Your configuration, the way you want it: This is probably aimed more at system admins or people who enjoy managing web systems compared to the typical programmer. I personally do get a kick out of maintaining a system, tweaking it and optimising it as much as possible. The enables me to understand what’s going on in the backend and how the application structure can be improved. It’s like a person who can simply drive a car compared to a mechanic. A person might be able drive better than a mechanic, but they won’t be able to keep the car going as long or as smoothly as a mechanic.
AWS DocumentDB
This is the middle ground. Amazon has taken MongoDB and designed it in such a way to try and bring it closer to DynamoDB. Document DB has the feature set of MongoDB (up until v3.6) but it’s maintained by Amazon. You select the number of instances you need and the size of them for the cluster. You still need to keep an eye on it to make sure its scaling as required, but you don’t need to configure it compared to running it on your own server.

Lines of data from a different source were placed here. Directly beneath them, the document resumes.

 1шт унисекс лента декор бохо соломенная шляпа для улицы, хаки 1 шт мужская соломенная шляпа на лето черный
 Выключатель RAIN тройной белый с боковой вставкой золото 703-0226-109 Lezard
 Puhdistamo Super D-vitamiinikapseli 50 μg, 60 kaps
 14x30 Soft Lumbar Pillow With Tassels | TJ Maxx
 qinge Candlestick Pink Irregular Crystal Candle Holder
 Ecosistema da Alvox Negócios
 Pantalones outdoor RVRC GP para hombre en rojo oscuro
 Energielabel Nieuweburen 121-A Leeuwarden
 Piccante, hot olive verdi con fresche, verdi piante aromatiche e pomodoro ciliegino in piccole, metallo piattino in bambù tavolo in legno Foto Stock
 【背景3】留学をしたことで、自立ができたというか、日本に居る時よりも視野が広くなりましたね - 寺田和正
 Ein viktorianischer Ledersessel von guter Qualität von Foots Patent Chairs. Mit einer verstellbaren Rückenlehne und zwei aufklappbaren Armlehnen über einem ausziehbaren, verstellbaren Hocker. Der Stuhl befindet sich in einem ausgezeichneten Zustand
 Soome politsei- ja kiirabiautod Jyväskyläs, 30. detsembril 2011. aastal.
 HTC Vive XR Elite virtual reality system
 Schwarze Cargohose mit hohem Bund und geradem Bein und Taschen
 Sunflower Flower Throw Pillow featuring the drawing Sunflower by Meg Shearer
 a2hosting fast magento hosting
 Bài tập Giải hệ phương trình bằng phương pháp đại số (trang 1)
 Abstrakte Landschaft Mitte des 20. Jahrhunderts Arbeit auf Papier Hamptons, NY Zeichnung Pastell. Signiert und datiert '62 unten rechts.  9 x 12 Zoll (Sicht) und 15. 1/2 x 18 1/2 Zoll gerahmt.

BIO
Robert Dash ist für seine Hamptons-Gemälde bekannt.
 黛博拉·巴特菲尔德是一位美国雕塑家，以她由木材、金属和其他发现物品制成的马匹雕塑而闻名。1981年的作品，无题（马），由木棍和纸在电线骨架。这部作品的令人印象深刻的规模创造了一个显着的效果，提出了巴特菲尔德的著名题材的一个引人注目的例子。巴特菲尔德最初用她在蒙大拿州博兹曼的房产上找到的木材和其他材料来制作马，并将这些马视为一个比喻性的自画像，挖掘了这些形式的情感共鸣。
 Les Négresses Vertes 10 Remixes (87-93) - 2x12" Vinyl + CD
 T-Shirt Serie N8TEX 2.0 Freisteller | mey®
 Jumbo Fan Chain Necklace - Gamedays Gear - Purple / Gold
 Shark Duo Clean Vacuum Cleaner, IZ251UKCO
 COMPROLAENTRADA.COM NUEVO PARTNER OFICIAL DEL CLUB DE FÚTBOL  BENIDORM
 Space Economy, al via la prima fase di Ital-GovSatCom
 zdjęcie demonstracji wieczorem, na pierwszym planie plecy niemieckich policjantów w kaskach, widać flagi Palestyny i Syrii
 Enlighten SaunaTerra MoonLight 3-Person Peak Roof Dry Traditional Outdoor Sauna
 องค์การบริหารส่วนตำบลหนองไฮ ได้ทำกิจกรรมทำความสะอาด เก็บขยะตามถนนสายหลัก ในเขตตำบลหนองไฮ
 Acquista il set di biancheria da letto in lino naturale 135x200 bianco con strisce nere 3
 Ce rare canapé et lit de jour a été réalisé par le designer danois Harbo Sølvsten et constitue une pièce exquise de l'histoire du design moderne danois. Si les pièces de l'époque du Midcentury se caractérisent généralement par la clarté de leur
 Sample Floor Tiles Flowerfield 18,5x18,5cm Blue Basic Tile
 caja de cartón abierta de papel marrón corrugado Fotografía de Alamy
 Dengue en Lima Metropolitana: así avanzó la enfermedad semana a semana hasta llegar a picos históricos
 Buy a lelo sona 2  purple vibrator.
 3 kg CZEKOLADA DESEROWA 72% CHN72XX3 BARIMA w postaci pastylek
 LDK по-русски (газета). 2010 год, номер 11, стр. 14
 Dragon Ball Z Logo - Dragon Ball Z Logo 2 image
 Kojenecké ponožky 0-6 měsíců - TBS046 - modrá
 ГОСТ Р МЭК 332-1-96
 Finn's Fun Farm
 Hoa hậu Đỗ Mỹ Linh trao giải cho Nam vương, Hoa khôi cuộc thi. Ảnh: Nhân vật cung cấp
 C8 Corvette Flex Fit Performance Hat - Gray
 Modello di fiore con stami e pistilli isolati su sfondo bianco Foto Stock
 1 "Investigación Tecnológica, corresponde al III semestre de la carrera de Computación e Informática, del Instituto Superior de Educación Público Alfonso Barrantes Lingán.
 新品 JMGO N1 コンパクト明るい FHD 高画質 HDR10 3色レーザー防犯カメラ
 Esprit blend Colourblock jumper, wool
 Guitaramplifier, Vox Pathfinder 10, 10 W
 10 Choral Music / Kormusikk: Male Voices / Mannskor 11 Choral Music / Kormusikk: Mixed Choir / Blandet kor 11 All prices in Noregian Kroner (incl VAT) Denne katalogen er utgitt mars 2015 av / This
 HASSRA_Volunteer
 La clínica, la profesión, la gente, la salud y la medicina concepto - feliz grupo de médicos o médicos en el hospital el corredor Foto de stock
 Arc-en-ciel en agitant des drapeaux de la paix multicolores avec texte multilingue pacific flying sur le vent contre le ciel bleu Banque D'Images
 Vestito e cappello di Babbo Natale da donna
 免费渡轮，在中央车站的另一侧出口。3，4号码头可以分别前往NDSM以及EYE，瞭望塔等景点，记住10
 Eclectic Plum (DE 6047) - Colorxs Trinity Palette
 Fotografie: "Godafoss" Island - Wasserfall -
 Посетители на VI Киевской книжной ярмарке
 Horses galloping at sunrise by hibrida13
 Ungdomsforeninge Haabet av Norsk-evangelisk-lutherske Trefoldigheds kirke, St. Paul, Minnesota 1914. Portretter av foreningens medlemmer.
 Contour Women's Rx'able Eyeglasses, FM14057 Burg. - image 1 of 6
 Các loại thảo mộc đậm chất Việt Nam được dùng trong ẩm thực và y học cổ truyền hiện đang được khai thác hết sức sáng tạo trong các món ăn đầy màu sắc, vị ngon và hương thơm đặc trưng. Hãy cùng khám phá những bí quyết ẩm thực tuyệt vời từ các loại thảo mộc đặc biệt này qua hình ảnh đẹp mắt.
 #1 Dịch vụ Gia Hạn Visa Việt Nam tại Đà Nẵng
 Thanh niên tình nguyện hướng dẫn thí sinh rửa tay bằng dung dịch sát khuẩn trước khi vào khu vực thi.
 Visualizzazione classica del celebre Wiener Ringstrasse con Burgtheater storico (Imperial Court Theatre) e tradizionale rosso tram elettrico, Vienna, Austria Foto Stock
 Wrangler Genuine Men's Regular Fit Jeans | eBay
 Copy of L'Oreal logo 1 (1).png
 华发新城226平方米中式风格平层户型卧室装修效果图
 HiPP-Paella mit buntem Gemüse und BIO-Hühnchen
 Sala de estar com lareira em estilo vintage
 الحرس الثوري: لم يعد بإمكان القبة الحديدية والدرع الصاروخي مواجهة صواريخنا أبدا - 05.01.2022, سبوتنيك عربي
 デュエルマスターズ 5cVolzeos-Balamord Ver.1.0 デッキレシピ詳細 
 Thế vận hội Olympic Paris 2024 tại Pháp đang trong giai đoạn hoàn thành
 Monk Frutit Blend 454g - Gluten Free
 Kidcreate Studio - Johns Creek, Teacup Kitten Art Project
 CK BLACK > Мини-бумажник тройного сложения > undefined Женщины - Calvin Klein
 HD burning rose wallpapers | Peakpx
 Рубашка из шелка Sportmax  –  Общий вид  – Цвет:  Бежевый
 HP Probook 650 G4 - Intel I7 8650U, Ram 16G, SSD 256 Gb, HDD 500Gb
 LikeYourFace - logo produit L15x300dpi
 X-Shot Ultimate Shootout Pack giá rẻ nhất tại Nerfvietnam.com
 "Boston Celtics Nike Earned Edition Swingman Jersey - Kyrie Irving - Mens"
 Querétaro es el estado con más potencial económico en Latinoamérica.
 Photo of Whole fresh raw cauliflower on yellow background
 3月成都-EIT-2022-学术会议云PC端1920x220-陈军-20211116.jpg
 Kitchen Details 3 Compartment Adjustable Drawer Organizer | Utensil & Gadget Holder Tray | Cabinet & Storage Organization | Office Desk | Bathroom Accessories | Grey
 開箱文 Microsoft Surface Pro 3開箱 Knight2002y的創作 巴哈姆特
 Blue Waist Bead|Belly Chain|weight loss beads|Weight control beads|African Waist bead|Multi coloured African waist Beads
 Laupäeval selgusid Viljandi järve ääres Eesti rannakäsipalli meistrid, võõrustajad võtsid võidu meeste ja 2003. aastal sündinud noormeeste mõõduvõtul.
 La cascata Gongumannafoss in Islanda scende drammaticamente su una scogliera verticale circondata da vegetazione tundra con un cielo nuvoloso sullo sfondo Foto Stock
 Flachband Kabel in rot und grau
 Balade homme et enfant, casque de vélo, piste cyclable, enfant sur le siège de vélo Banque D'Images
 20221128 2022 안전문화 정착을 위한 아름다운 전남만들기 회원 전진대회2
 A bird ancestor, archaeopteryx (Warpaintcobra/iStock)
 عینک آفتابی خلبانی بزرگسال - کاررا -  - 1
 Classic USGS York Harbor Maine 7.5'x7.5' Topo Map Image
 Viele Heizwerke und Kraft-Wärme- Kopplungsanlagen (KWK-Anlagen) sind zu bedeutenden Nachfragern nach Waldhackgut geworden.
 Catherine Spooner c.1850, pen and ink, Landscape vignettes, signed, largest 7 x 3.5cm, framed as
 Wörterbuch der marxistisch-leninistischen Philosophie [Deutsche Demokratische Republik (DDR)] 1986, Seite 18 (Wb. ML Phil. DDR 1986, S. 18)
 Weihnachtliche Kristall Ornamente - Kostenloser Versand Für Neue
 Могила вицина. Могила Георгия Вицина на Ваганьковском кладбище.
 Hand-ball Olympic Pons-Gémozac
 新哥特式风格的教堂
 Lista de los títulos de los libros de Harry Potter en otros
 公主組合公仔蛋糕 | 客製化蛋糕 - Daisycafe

The key difference is that the storage and the compute are “decoupled” as AWS describes it. What this means is that you can rapidly scale your DocumentDB server within minutes and throw a number of read replica instances at the cluster without downtime. Therefore in the event of a sudden spike in usage, you don’t have to wait nervously for new instances to start up. Compared to typical managed MongoDB services, these scaling instances are there almost “instantly”.
The biggest issue is pricing, and I do mean “big”. A single DocumentDB server can cost around $200 and that’s because they start big. With the starting server size being 2 CPUs and 16GB of RAM, they’re not joking when they say that “Amazon DocumentDB is designed for 99.99% availability”. These managed servers are designed for really high work loads and not for your hobby app.
While DocumentDB is a great middle ground, it’s definitely not something you would jump into straight away.
In summary, DynamoDB is typically best for simple transactional based document storage, MongoDB for flexible and broad document type storage and AWS DocumentDB is best used for when your MongoDB project has gotten too big to handle and you don’t mind paying a bit more to have your DB managed for high workloads.